D'un côté , on a abordé, sans rapport prospectif économique, un nouveau modèle financier pour le service public de RTVE, calqué sur le modèle français de Sarkozy et centré sur la taxation des opérateurs de télévision et de télécommunications privées et d'autre part , les plafonds de concentration dans le secteur privé ont été relevés, la prolongation automatique de licences privées a été autorisée pour une période de quinze ans et nous avons fait une lecture extrêmement néo-libérale de la dernière directive européenne sur la publicité dans les services audiovisuels.
Le résultat tel que nous le constatons au moment-même de l'annonce d' élections anticipées pour le 20 Novembre prochain, est une dégradation profonde du pluralisme audiovisuel et de la diversité , tant dans le secteur public que privé . Nous assistons à RTVE à une crise institutionnelle majeure suite à la démission du président et à l'incapacité des partis majoritaires à désigner un remplaçant par majorité de deux-tiers au Parlement et de plus, les entreprises privées ont retardé la paiement des taxes auxquelles elles sont soumises ou même ont eu recours à tout un arsenal juridique pour abaisser le montant de leurs cotisations , provoquant ainsi une grave situation financière à la RTVE .
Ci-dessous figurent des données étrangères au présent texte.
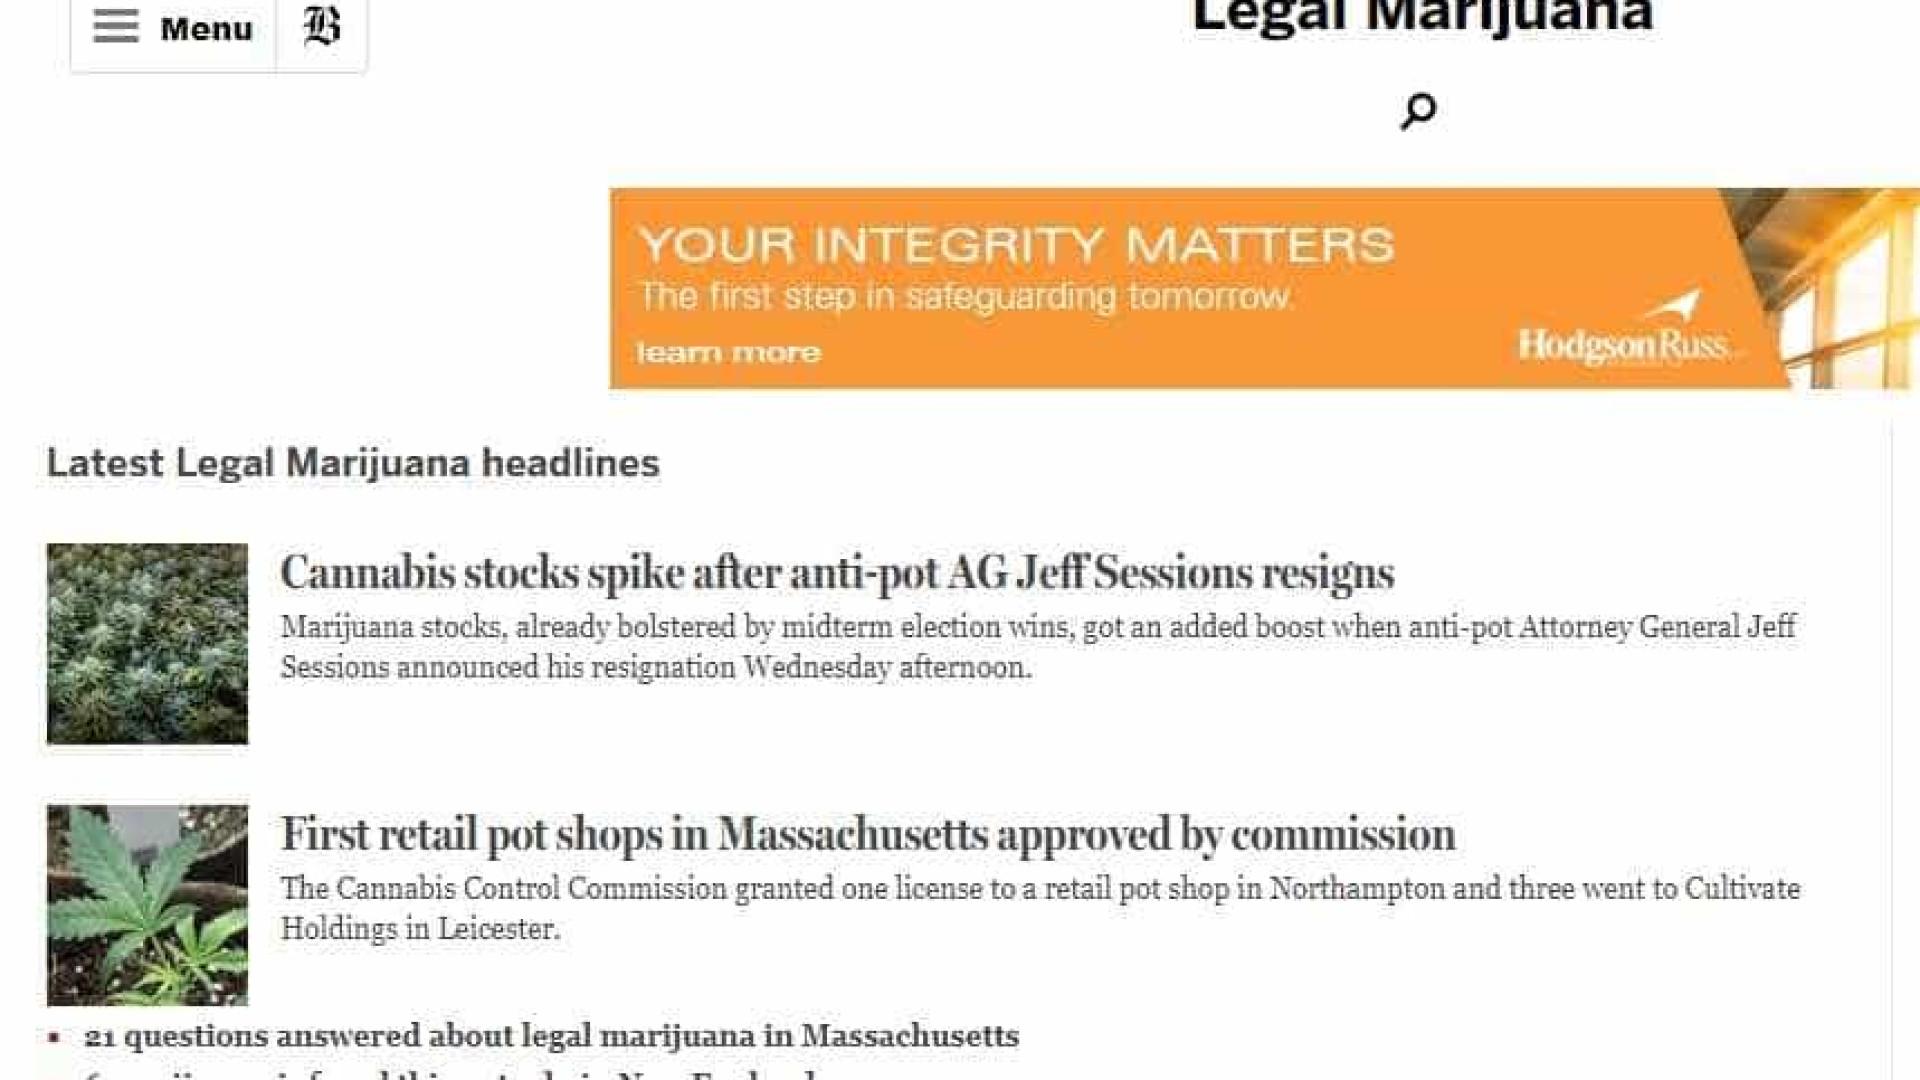 Às vésperas de venda legal, 'Boston Globe' inaugura seção sobre maconha

Dans le privé, le modèle de prolifération de chaînes et de programmes s'est avéré ruineux. En pleine crise économique, les 32 programmes numériques, avec plus de 250.000 heures de transmission, ont été très gravement éprouvés. En conséquence, la chaîne « Cuatro » a été absorbée par Telecinco et La Sexta est en passe de fusionner avec Antena 3 , tandis que d'autres chaînes concurrentes minoritaires se sont arrêtées ( Net TV) ou ont suspendu leurs émissions ( Veo TV). Le secteur privé devient ainsi un nouveau duopole qui se voit renforcé par rapport à l'ancien système existant entre 1995 et 2005 car il possède dorénavant plus des trois-quarts du marché publicitaire et dominé par deux seuls groupes , Telecinco (Mediaset ) et Antena 3 TV ( Planeta- Agostini) qui pourront ainsi profiter de la diffusion de huit programmes numériques chacun. L'appauvrissement des contenus généralistes , l'éclosion de fausses chaînes thématiques, le manque de services interactifs , le faible développement de la TNT payante ... sont autant d'éléments particuliers de cette dégradation générale.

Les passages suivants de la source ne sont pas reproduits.